A Day in A Life of A Product Manager

Jazel Castillo
4 min readMar 14, 2023

--

(my no-frills schedule!)

Photo by Andrew Neel on Unsplash

This is how I roll on most days.

p.s: I would like to remind my fellow PMs to not skip lunch and merienda. We need food to supercharge!

I wake up around 7/8am. Eat breakfast. Drink coffee.

at 9am, I open my laptop (yes I do shut it down by end of day). Check Slack messages.

I start my day by talking to our developers. We do daily ~15 to 30min tech scrums and its my way to also greet them with “ola! have you eaten breakfast?”

I then have a separate call with our UI/UEx Designer by 10am— we talk about why a “sprint” ticket needs to be even built in the first place and how to make design feasible and should fit a very ‘crunch” dev timeline we have. We also look into the competitors and user data. A lot of critiquing happens here

Photo by Ev on Unsplash

Then I take a quick morning walk/break/ exercise to think through. yes it definitely helps me to let my mind be on pause.

We currently used Linear + Notion to manage tickets. I usually block time to go through each ticket just before lunch — making sure what we’re working is business’ top priorities. Though I admit I sometimes feel overwhelmed — is it really a question of balance: do we optimize or do we build?

I take lunch around 12 and I dedicate 1 hour for it, no explanation. I love to enjoy my food!

In the afternoons, my ~2–3 hour schedule can be filled with up to (3) meetings:

Photo by Luke Chesser on Unsplash

Funnel call where we discuss what’s the product status and how we to improve our scaling strategy and product roadmap — why we’re not hitting numbers (real talk and unbiased way to resolve product and business issues with leaders) I’m usually “grilled” on this meeting, but I’m surviving haha. It’s part of the deal.

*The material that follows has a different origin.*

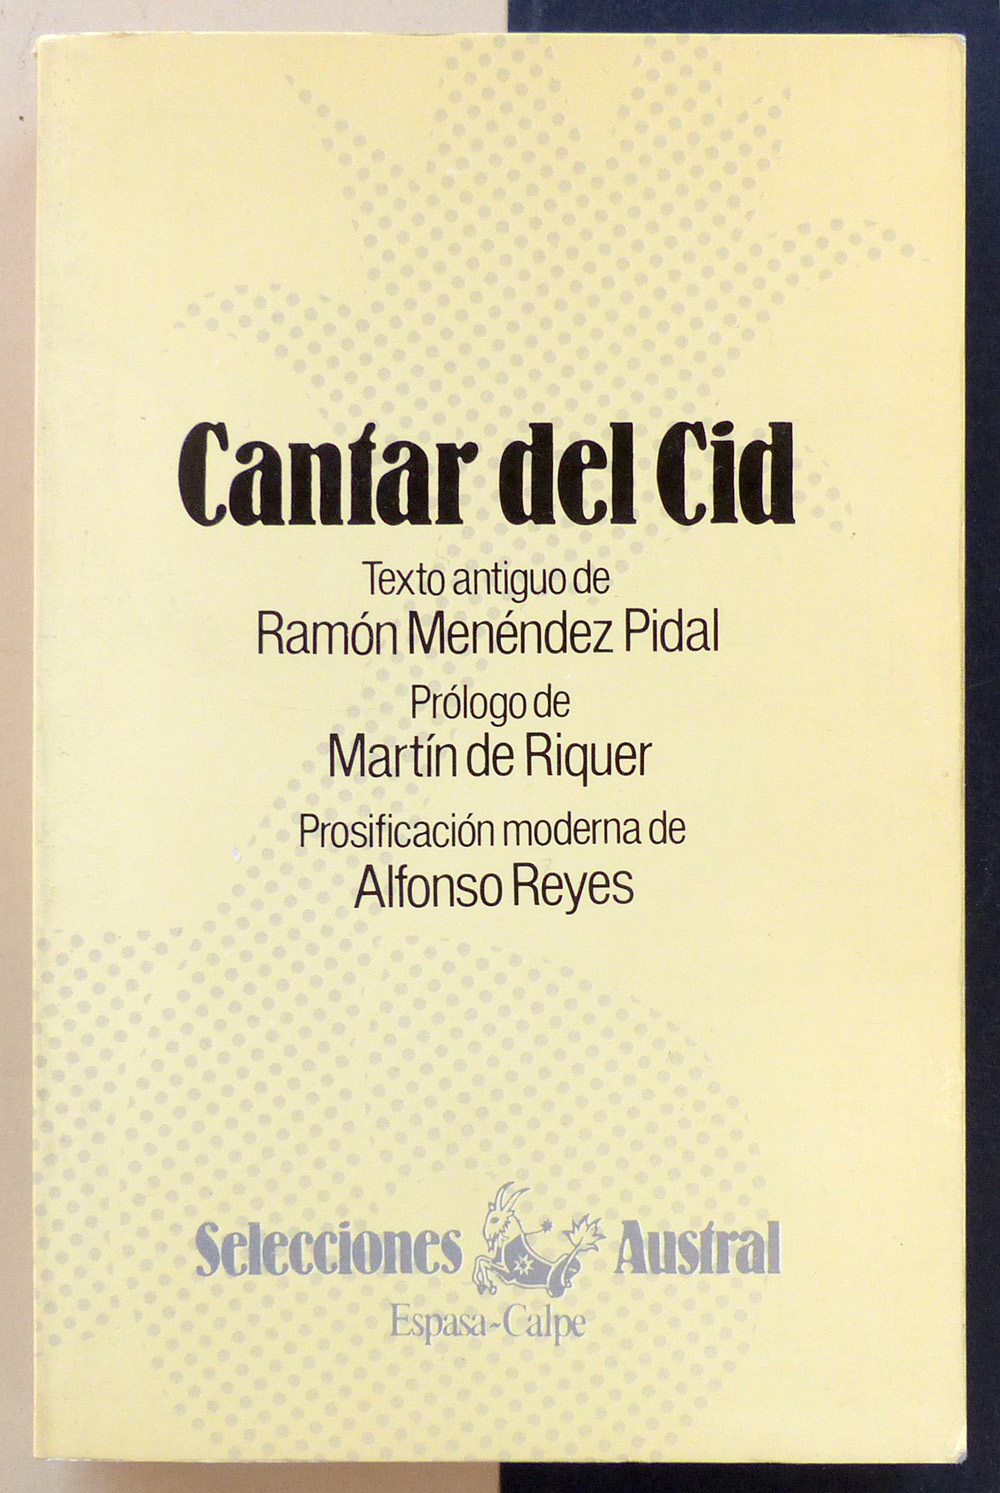 Cantar del Cid. Texto antiguo de Ramón Menéndez Pidal - Anónimo

Photo by UX Indonesia on Unsplash

Customer Success Call that looks into the quantitative + qualitative data status of our users whether they’re on paid or free trial. This is a very important call as my colleagues share VOC (Voice of Customer), Customer Feedback/ Complaints/Wishlist. We drill down what worked and didn’t worked. Specific for Tech, we assess all the customer experiences shared in this call. I’m actually a notetaker here as a I doodle a better approach to solve issues and make users keep on using the product.

Photo by charlesdeluvio on Unsplash

Mini-huddles with other BUs (Business Units) are also called pocket call sessions with other teams to discuss work flow, processes and even ask them what they like and don’t like about the product. Again, I’m a note taker here and I just let them do the talking. I listen and provide context + estimated dev timeline. I usually don’t commit yet if we can do it, but I manage their expectations.

I also set 15–30min break around 5PM to do different “non-work” stuff. I walk, get some sun and/or read or drink. For me, it helps when you rest your eyes.

2x a week (*every Mondays / Wednesdays): I dedicate time to clean, fix and crunch data. I admit this take a bit of my time as its a lot of work. Pivot tables and Google Sheet formulas help me get through.

Before the day ends which is around 6PM, I dedicate time to QA + check back with devs — status of the priority tickets.

Photo by Jacqueline Munguía on Unsplash

Its truly a lot of work — but challenge accepted! Hope this rundown of my schedule gives you an idea how PMs thrive and hustle so be kinder to them.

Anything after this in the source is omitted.